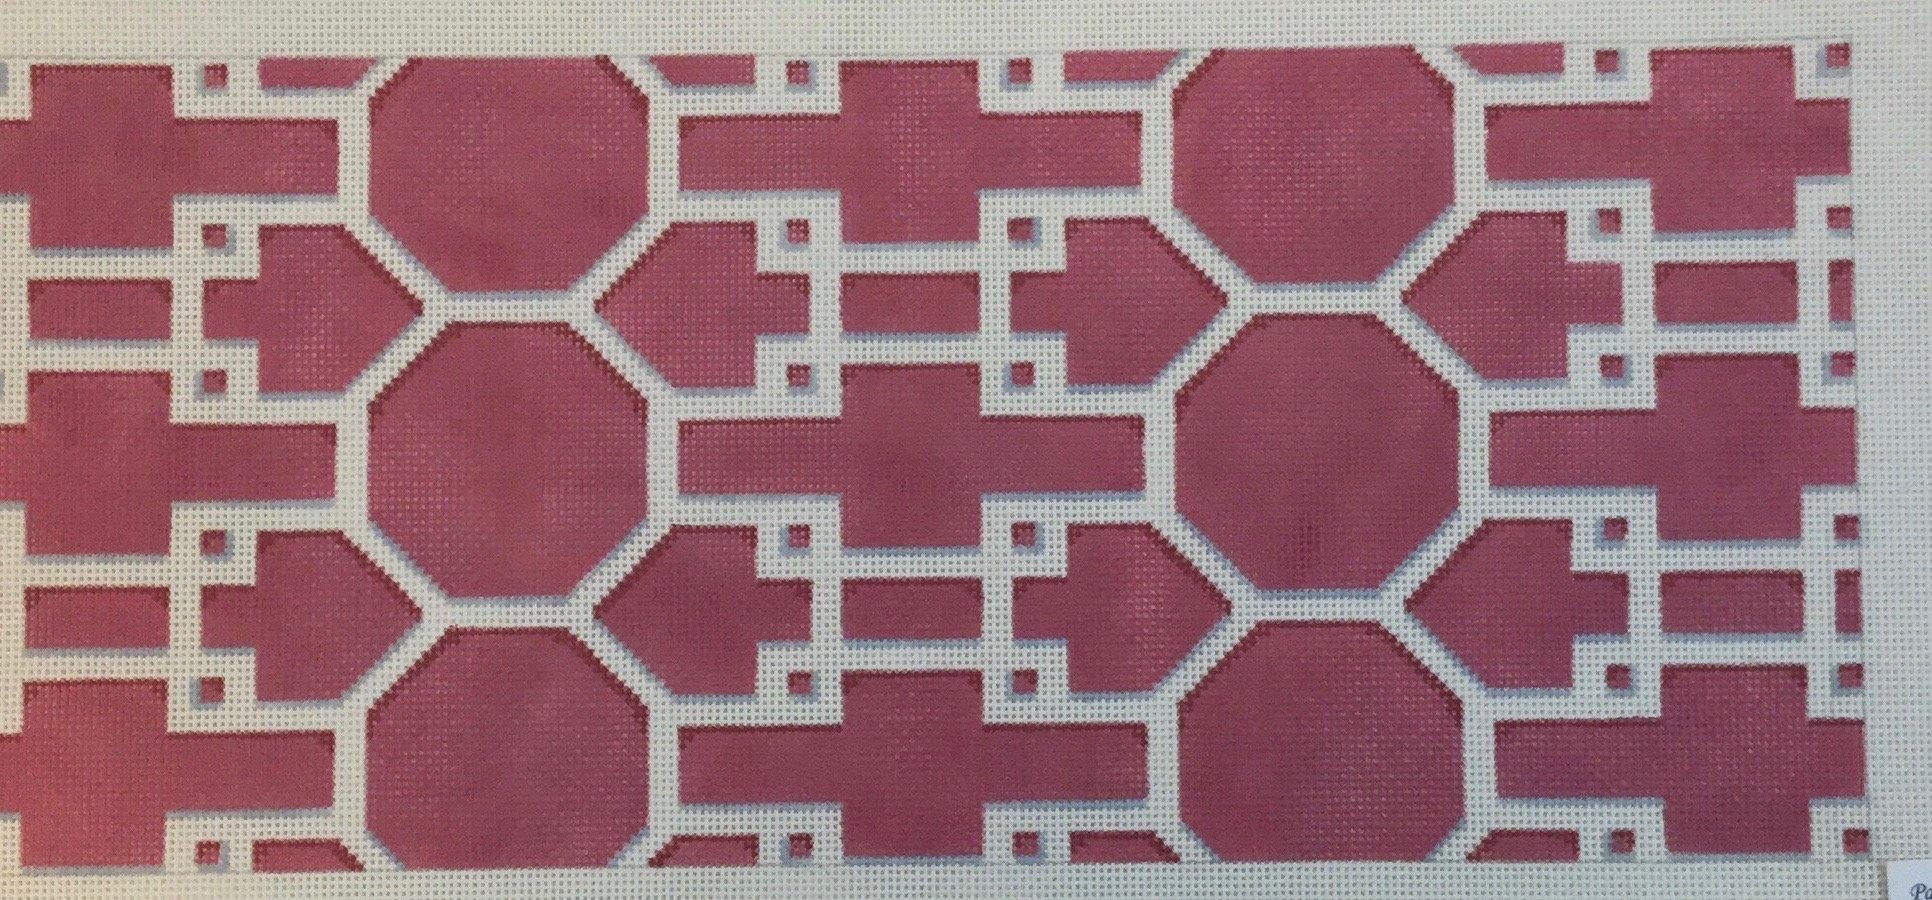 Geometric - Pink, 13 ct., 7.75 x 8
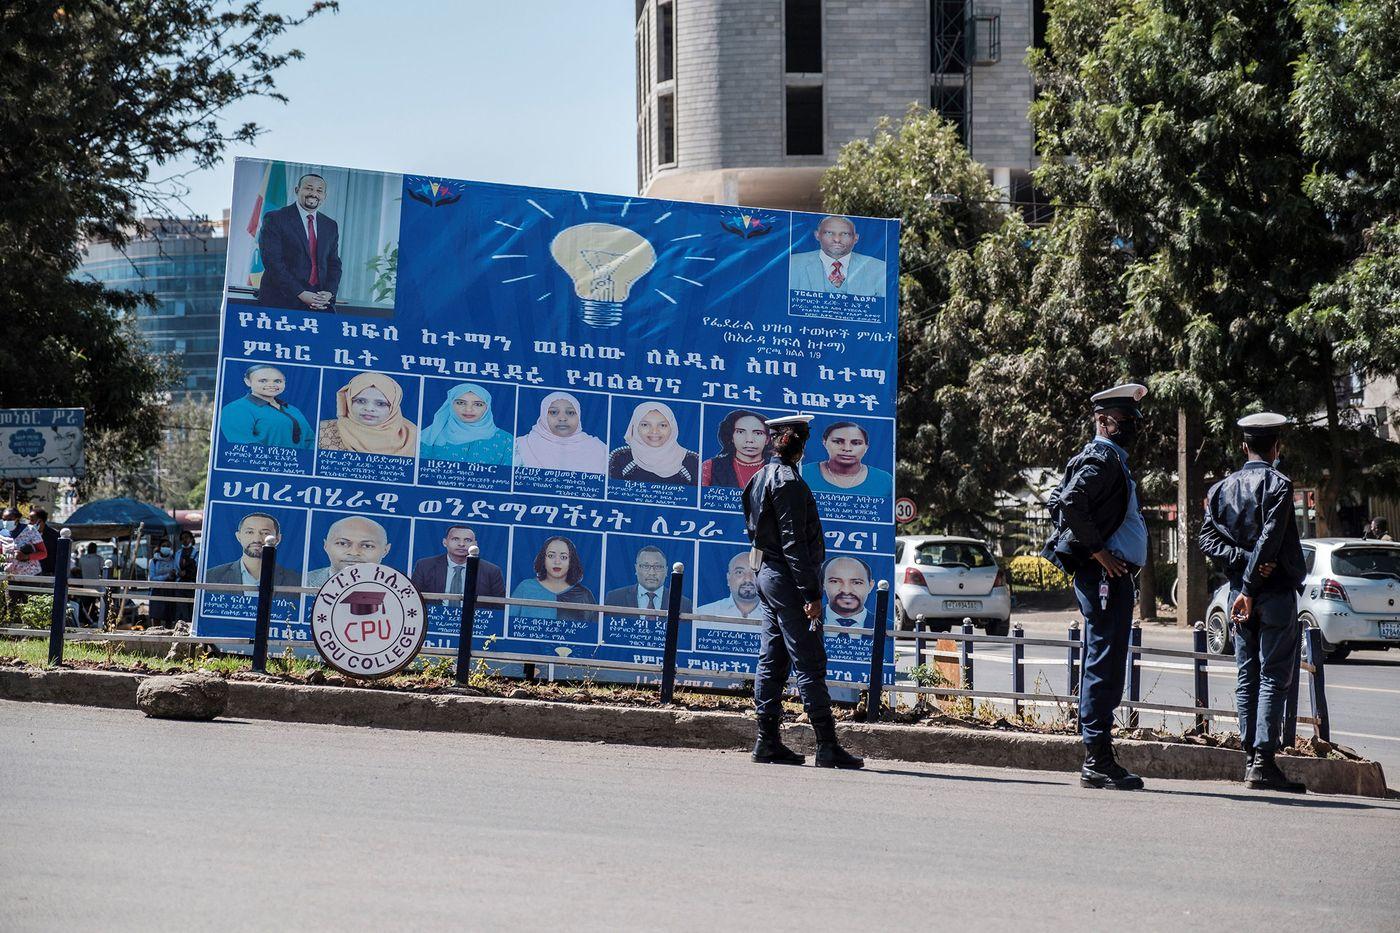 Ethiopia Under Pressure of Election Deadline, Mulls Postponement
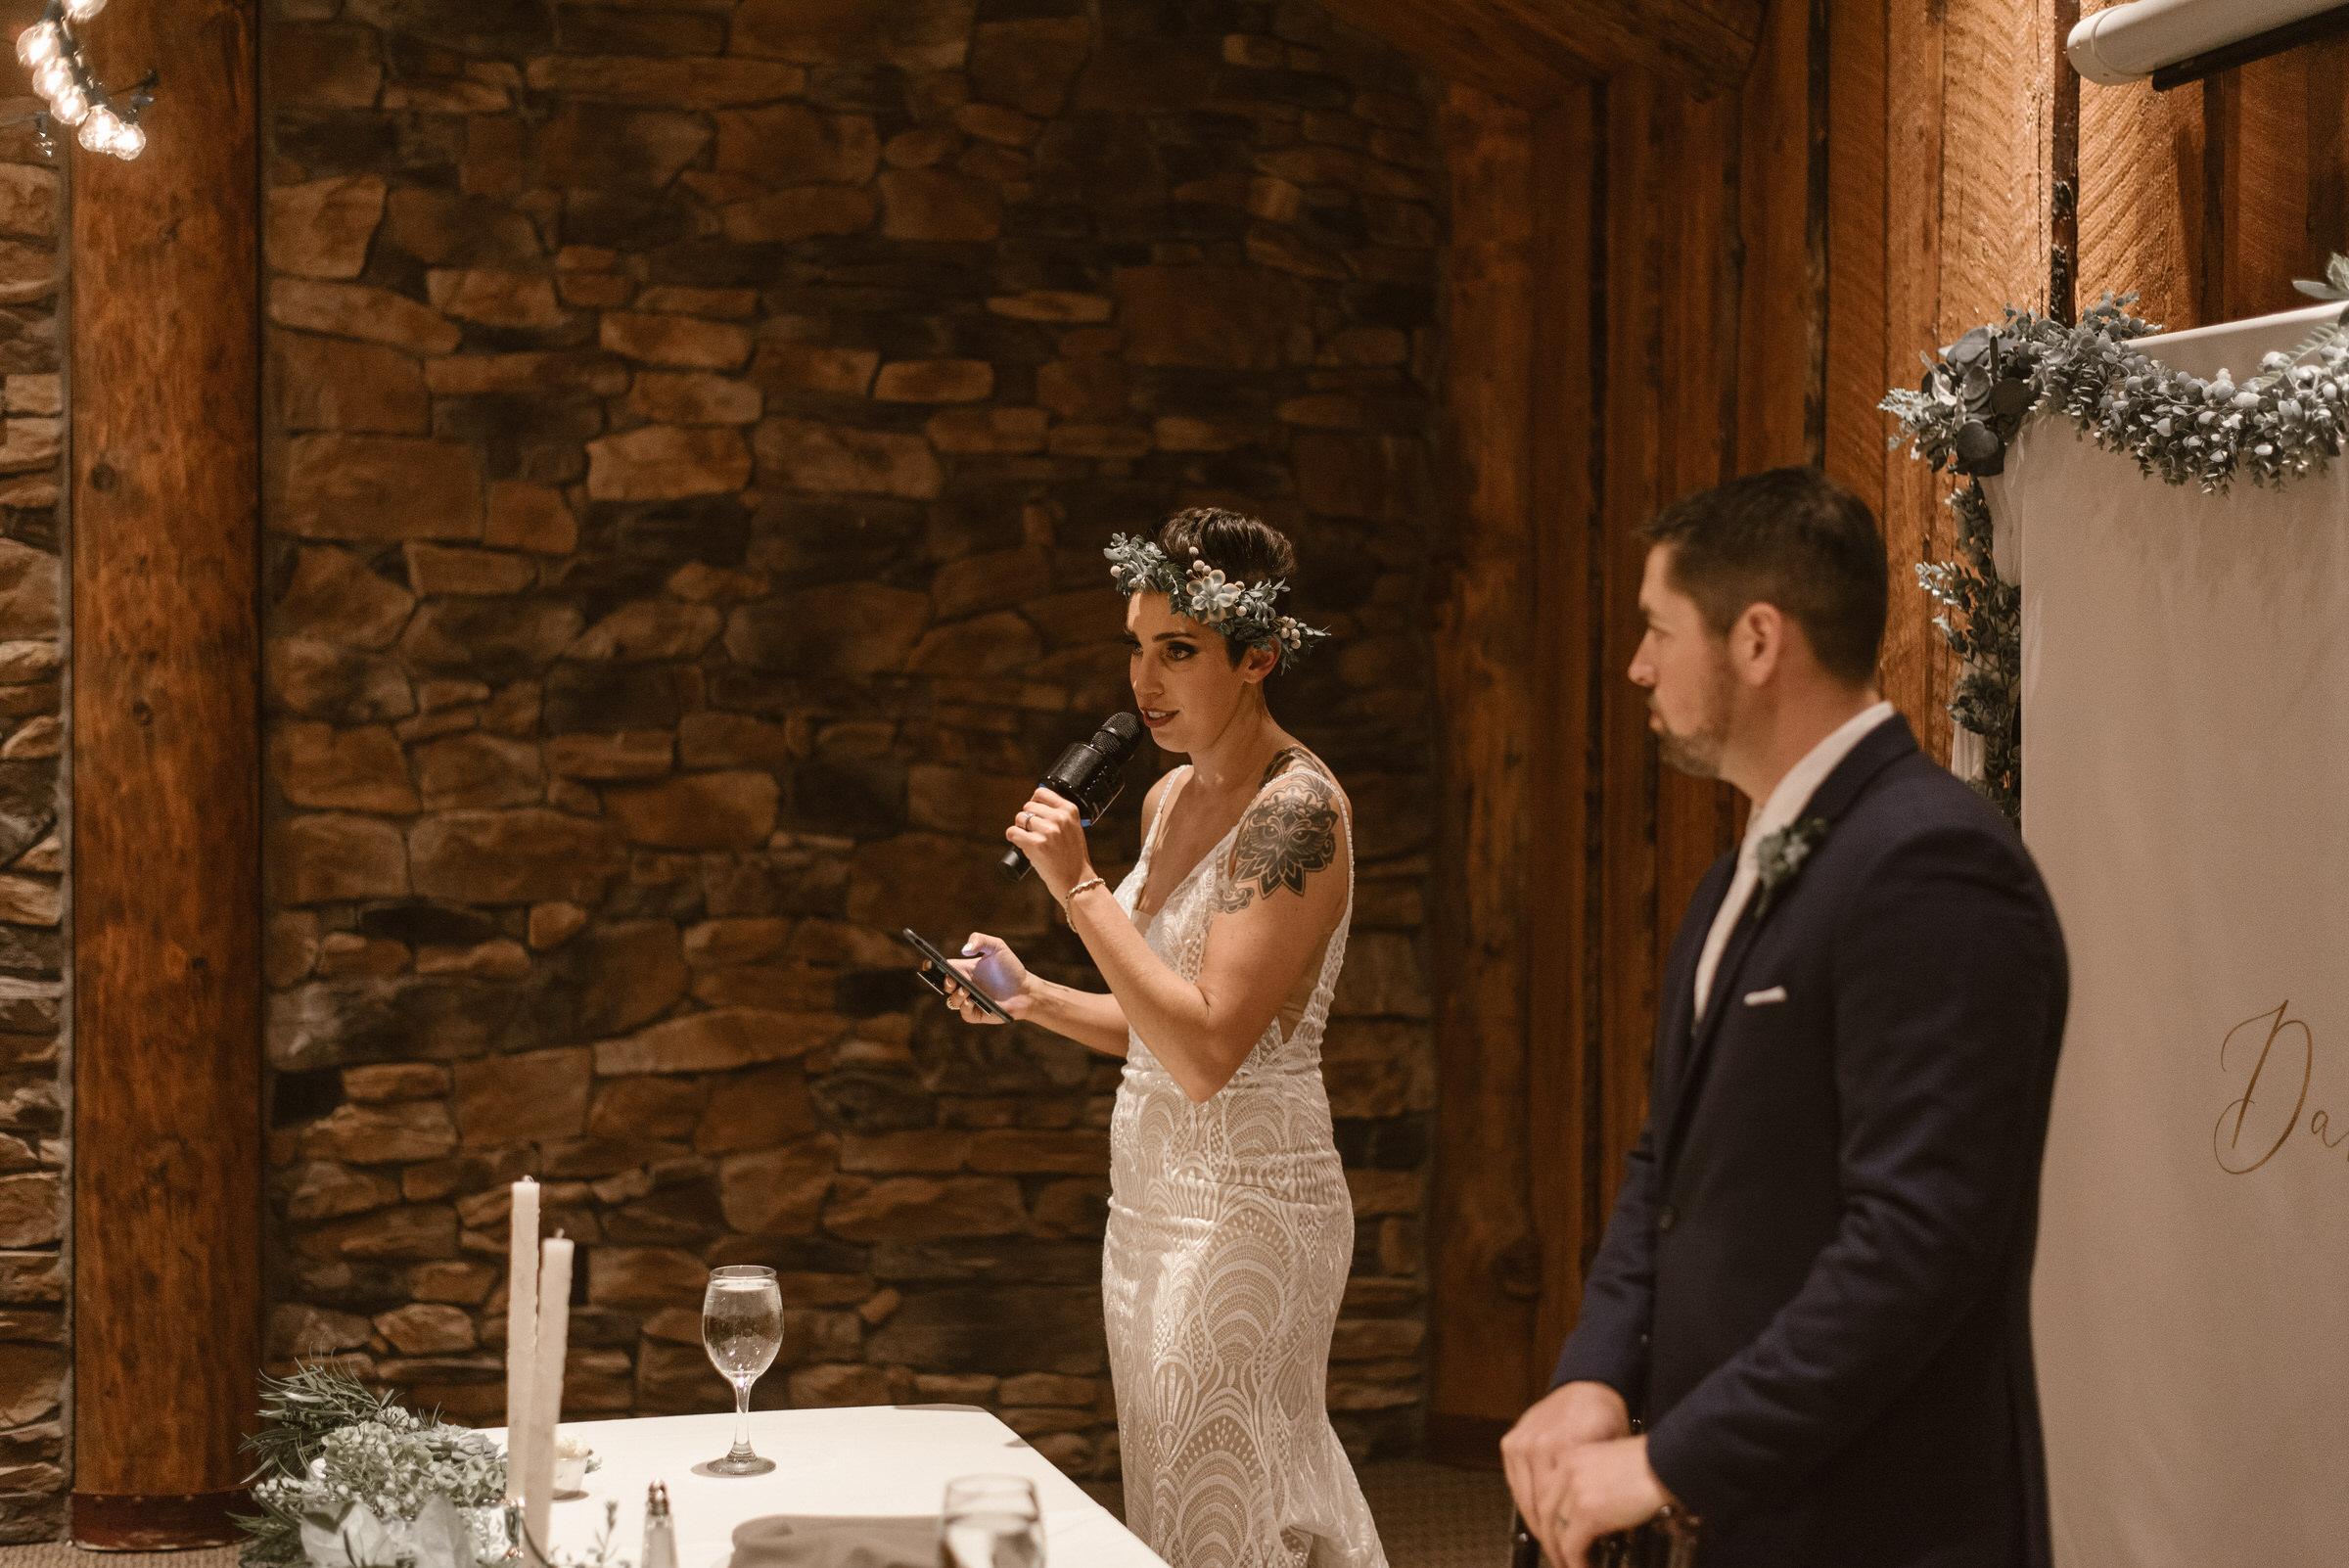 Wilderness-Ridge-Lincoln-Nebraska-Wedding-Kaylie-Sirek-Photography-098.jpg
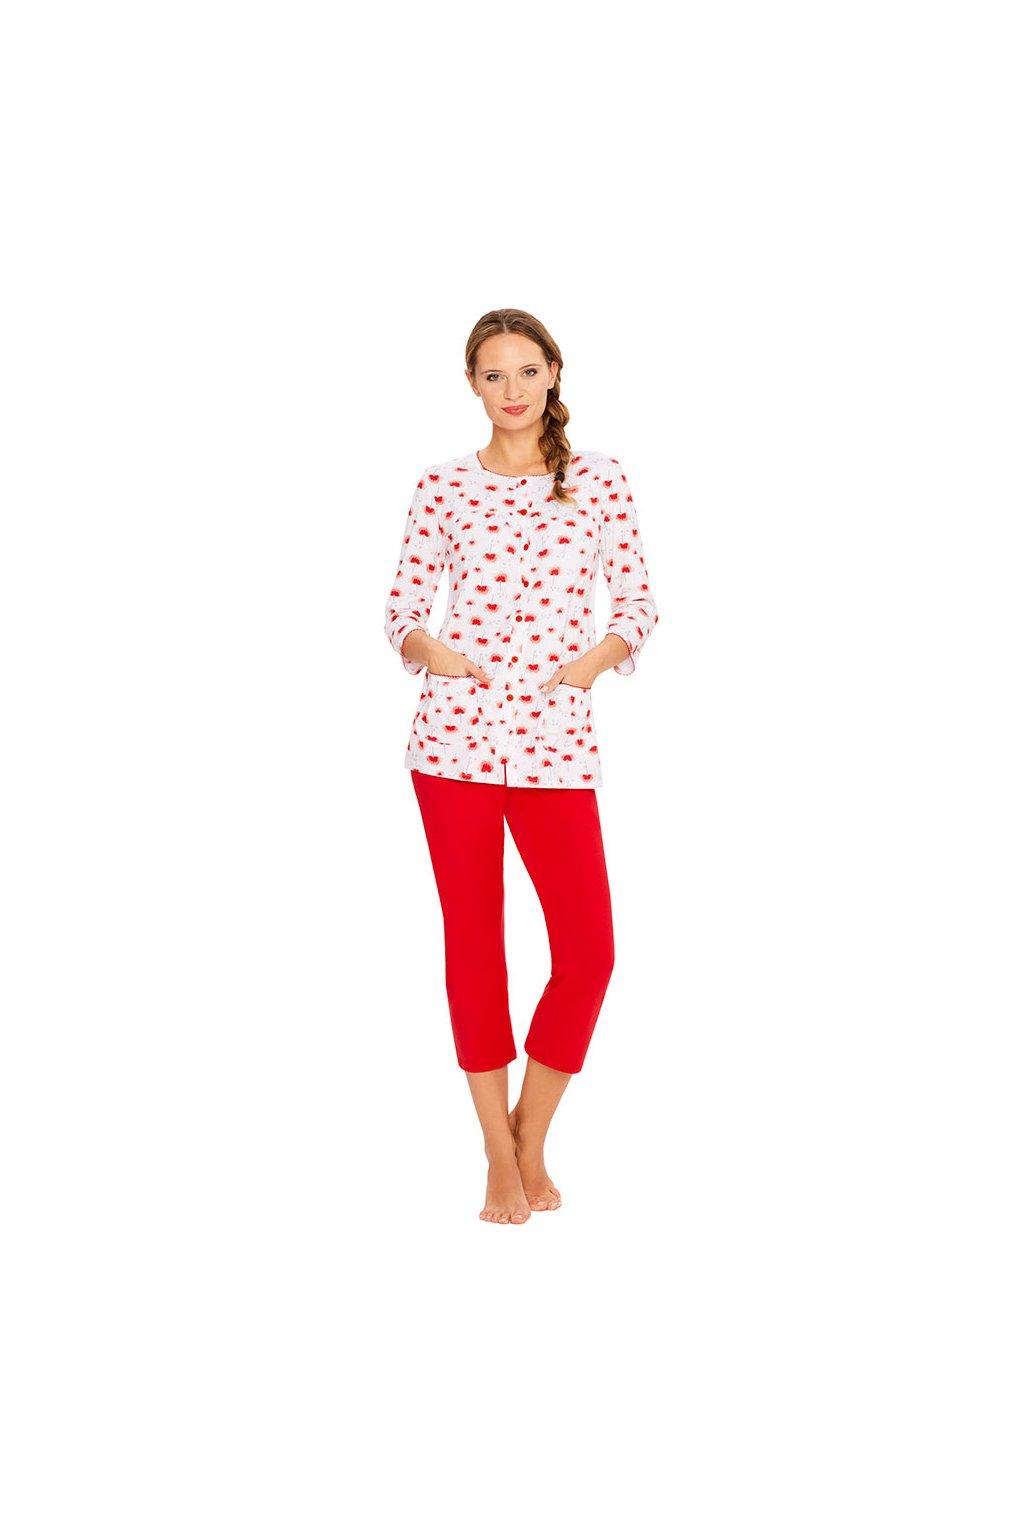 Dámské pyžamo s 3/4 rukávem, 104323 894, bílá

> **Problem to work on**:
Copy out every line of the data exactly, leaving the images behind.

> **Task solution**:
 Geometric - Pink, 13 ct., 7.75 x 8
 Ethiopia Under Pressure of Election Deadline, Mulls Postponement
 Wilderness-Ridge-Lincoln-Nebraska-Wedding-Kaylie-Sirek-Photography-098.jpg
 Dámské pyžamo s 3/4 rukávem, 104323 894, bílá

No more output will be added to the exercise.